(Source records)
════
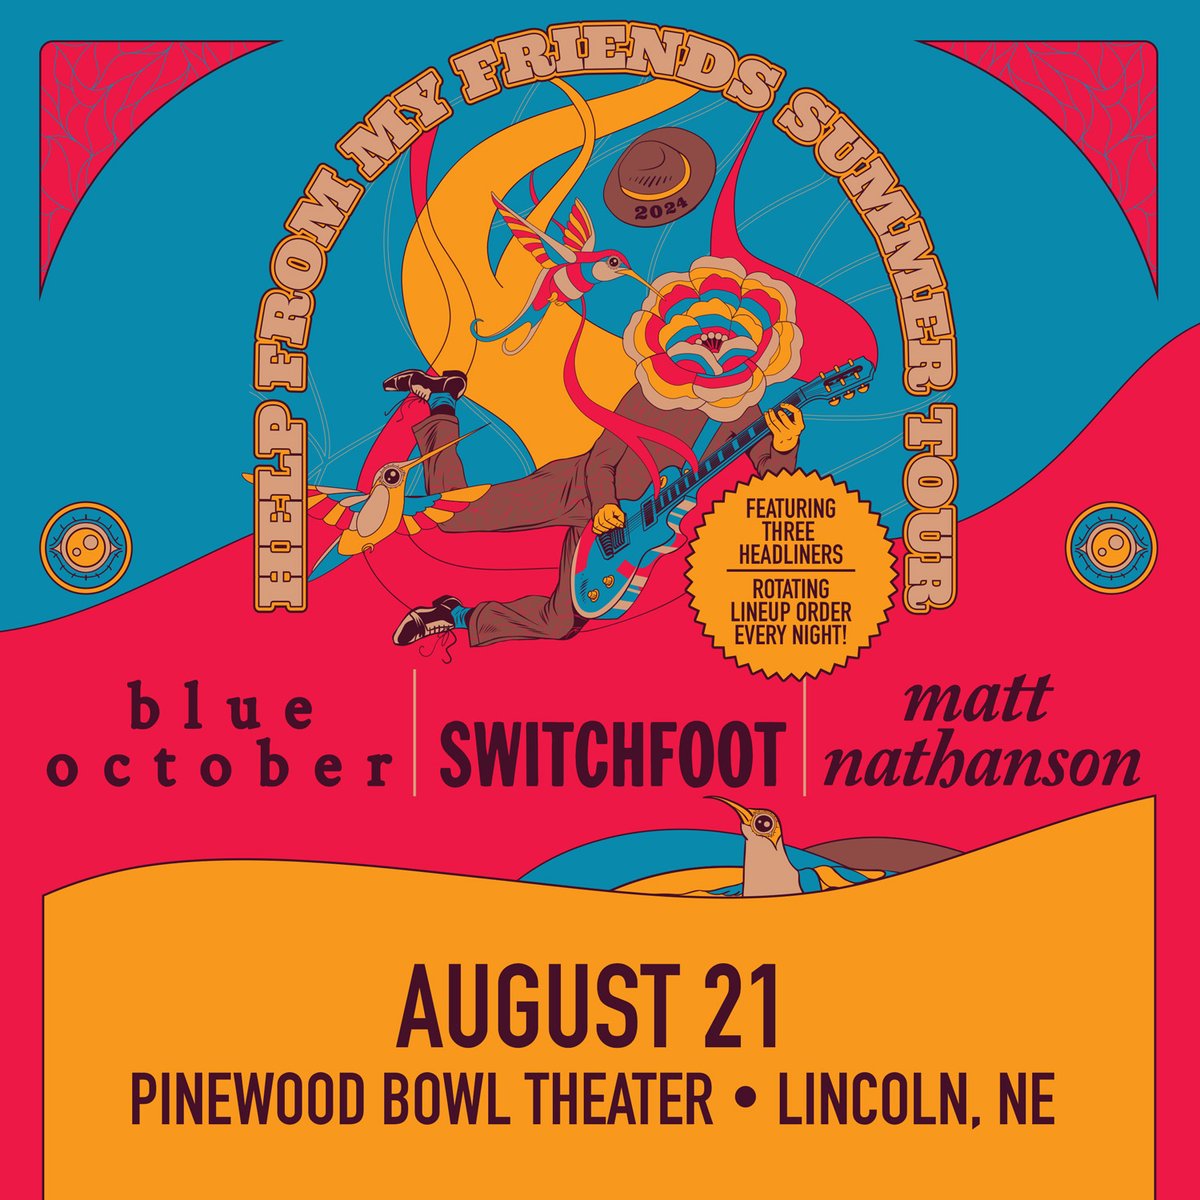 ON SALE NOW: @BlueOctober / @Switchfoot / @MattNathanson bring the Help From My Friends Summer Tour to Pinewood Bowl Theater August 21. Get your tickets here: bit.ly/hfmfpwbtix Please note: Mobile ticket delivery only. At this time, the Pinnacle Bank Arena ticket office is…
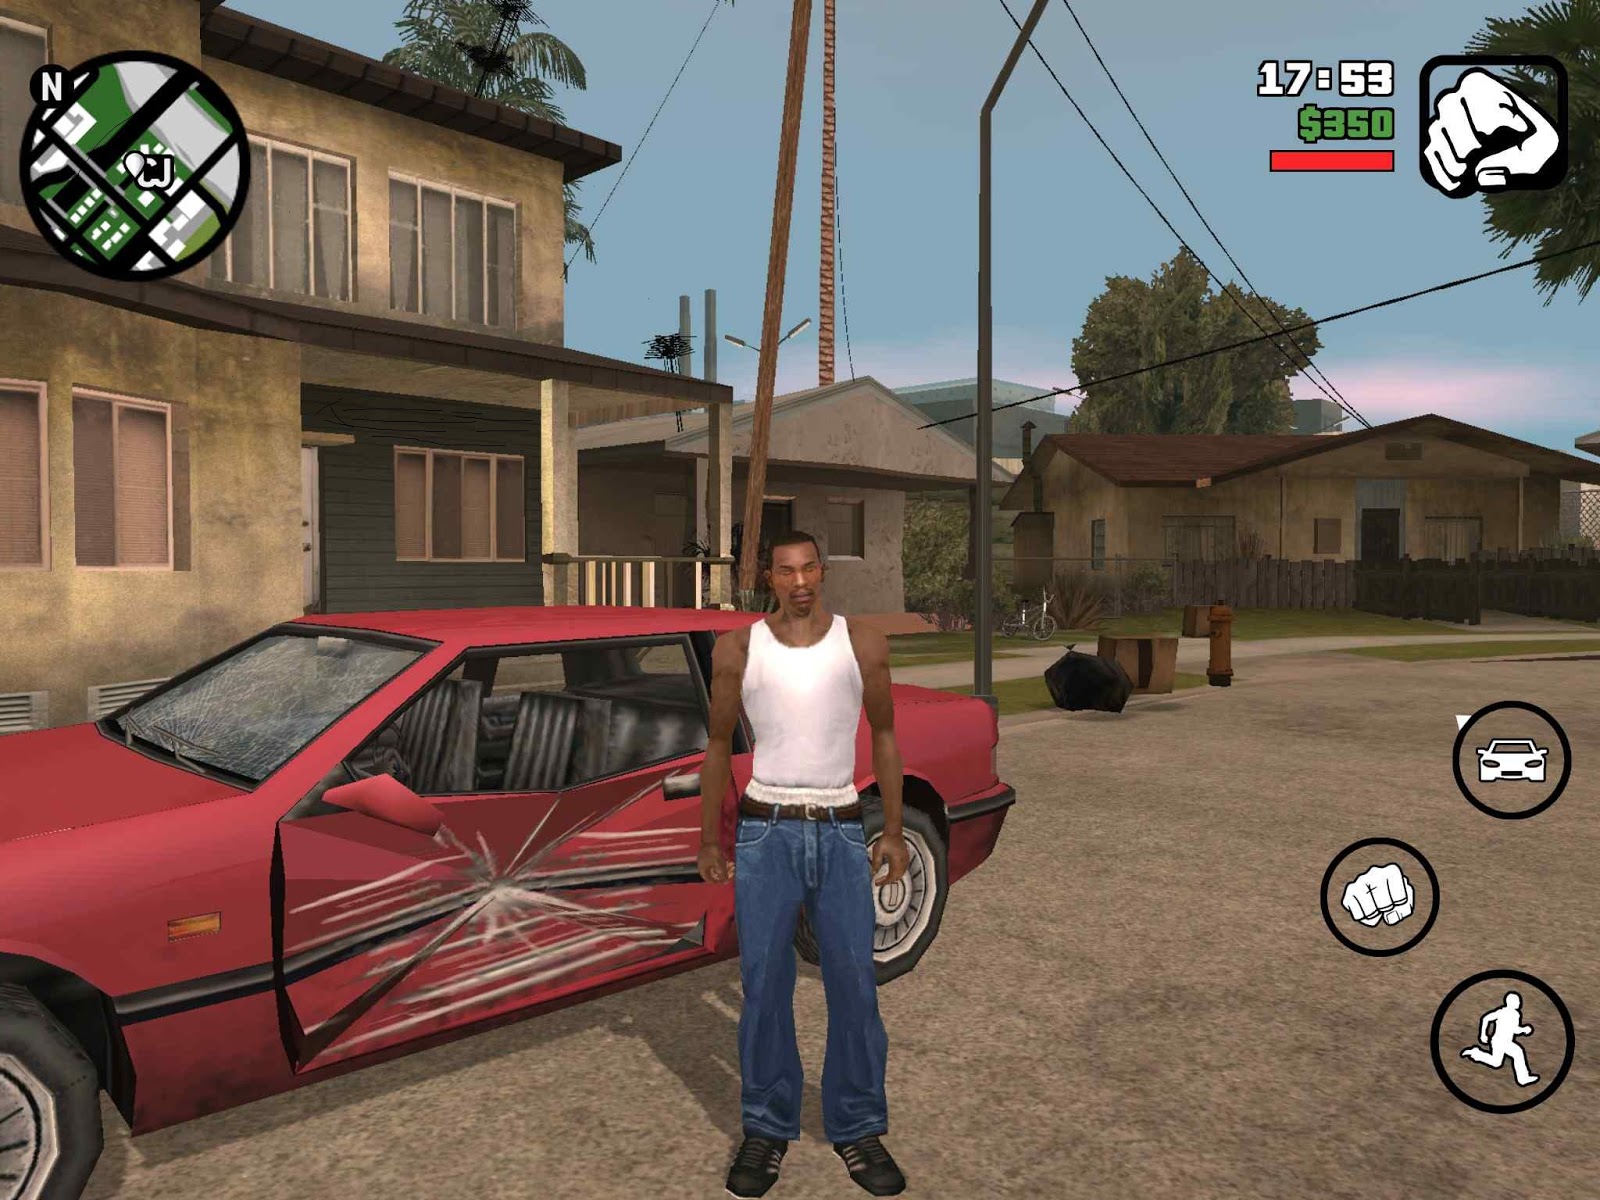 gta san andreas full game download for android revdl
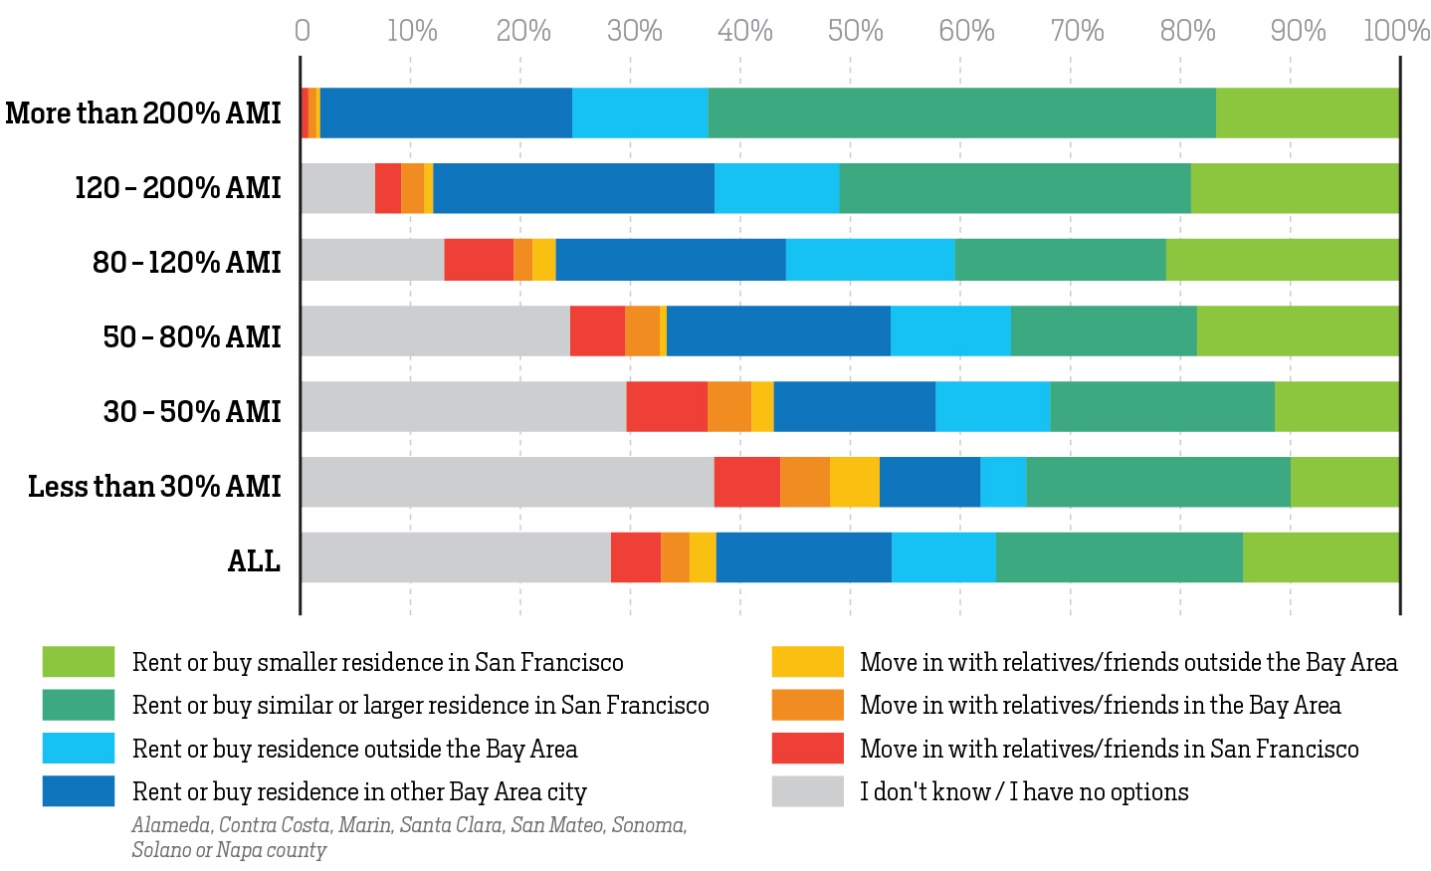 Figure 5. Housing choices for 2018 San Francisco Housing Survey respondents if forced out of their current residence by income group.
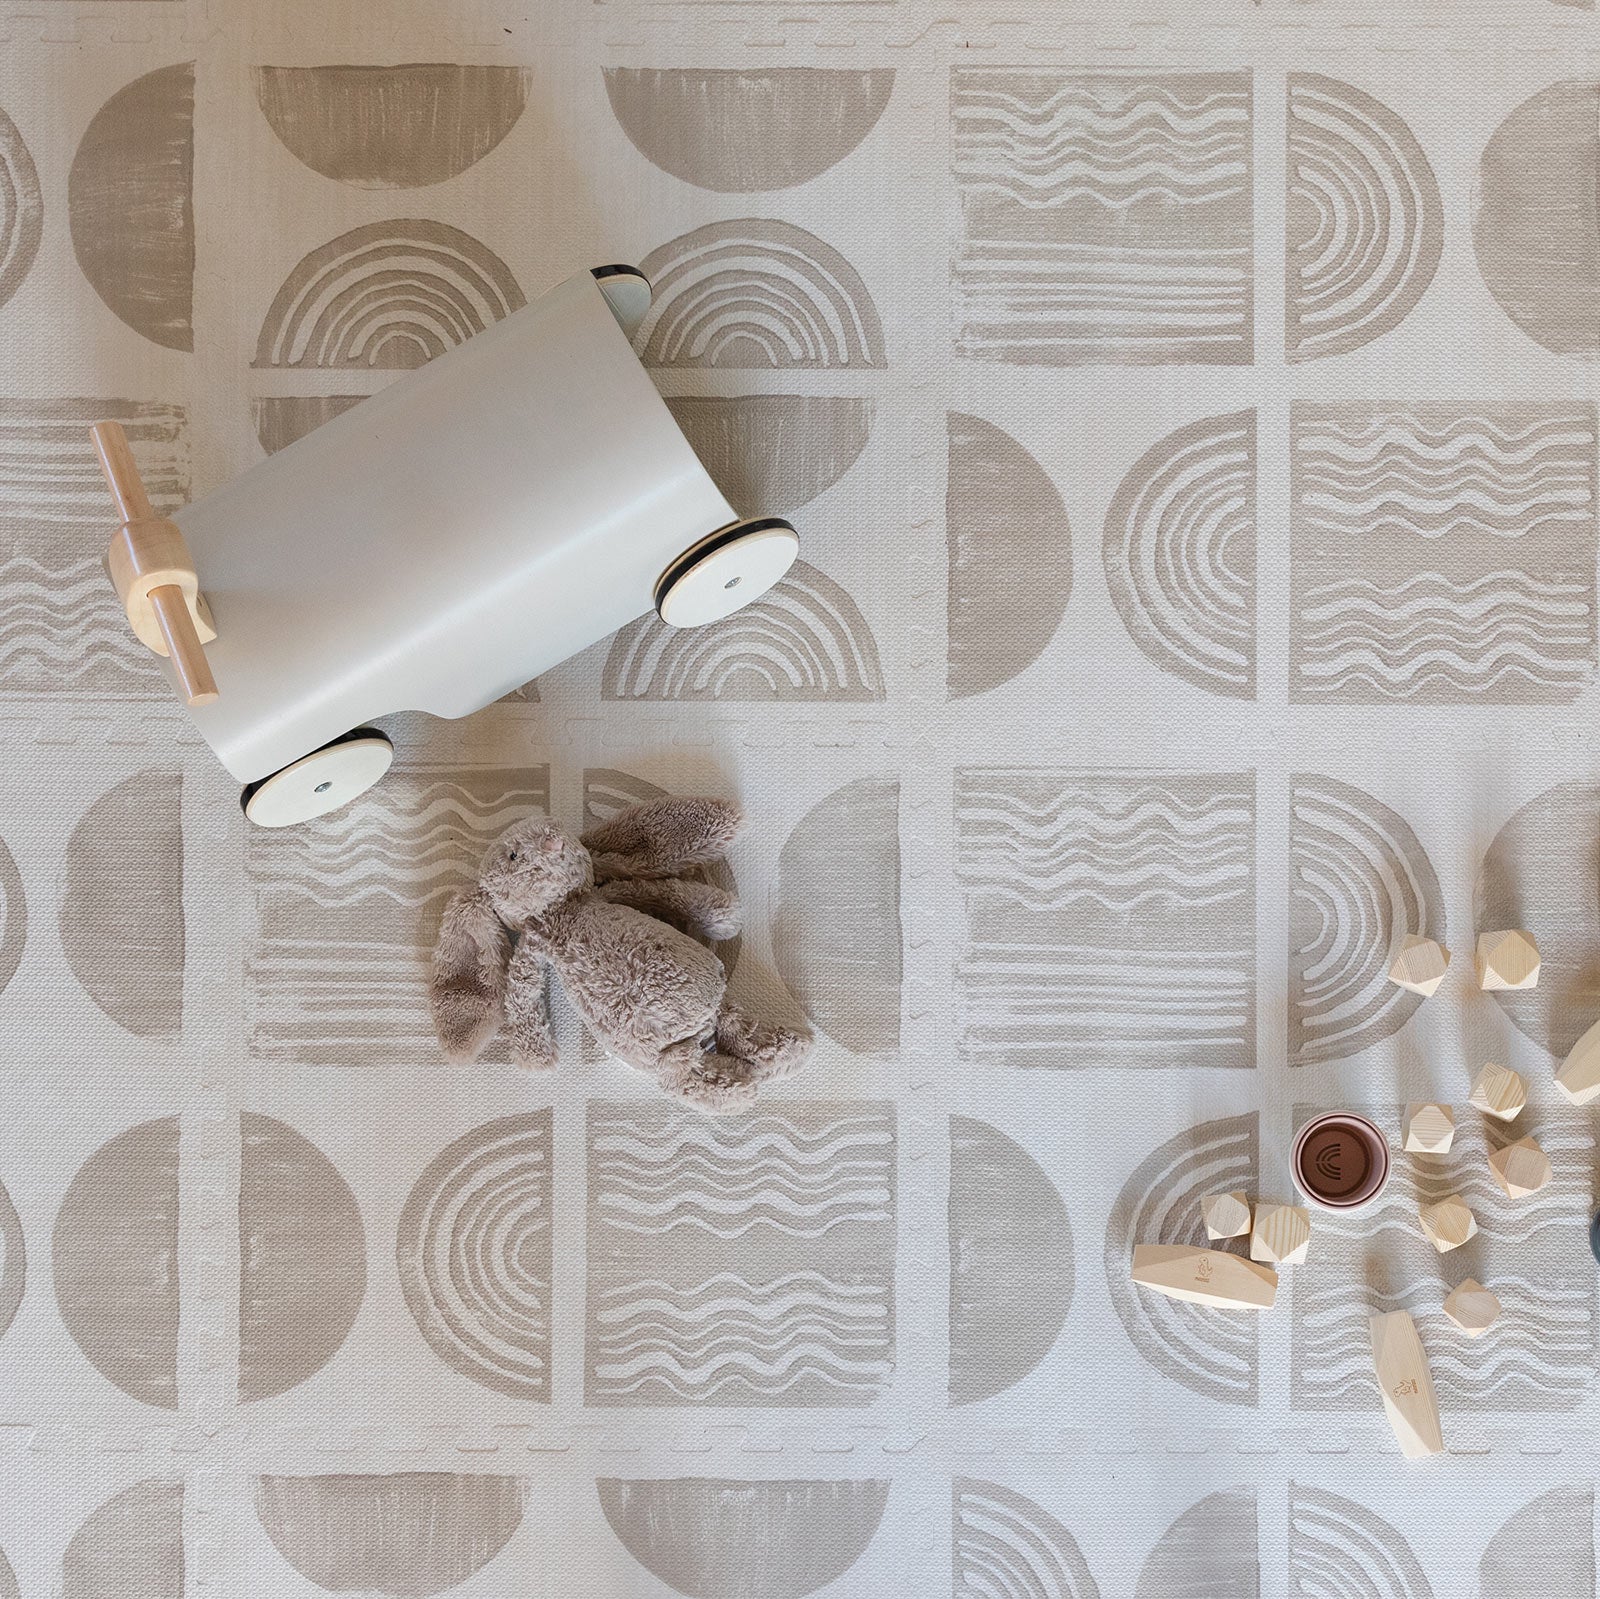 Ada modern minimalist baby play mat in Pebble taupe and off white. Shown from above with baby toys.
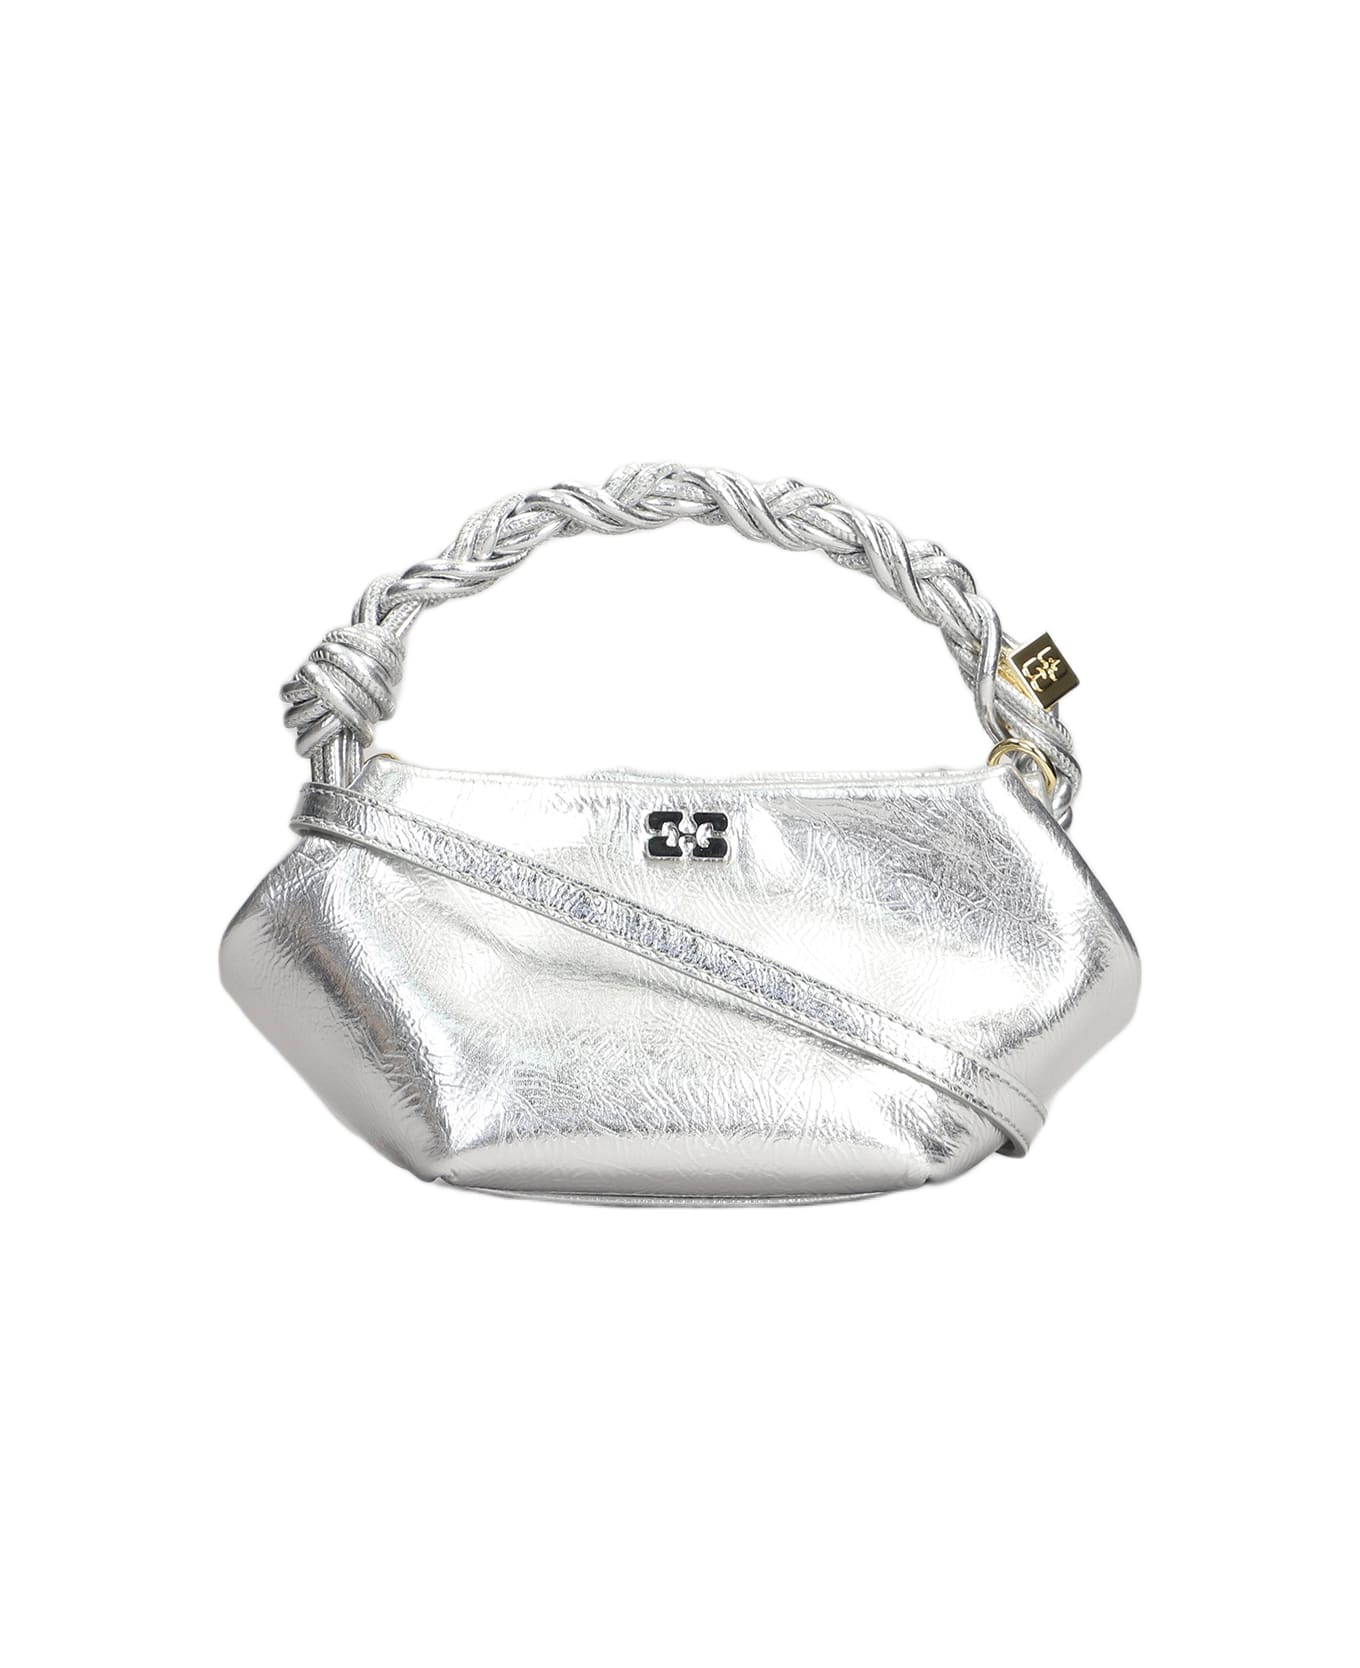 Ganni Hand Bag In Silver Leather - Argento
════
**Exercise prompt:** Exactly restate the lines from the one holding "Figure 5. Housing" to the final line of the records above, including both and excluding pictures.

**Task response:**
 Figure 5. Housing choices for 2018 San Francisco Housing Survey respondents if forced out of their current residence by income group.
 Ada modern minimalist baby play mat in Pebble taupe and off white. Shown from above with baby toys.
 Ganni Hand Bag In Silver Leather - Argento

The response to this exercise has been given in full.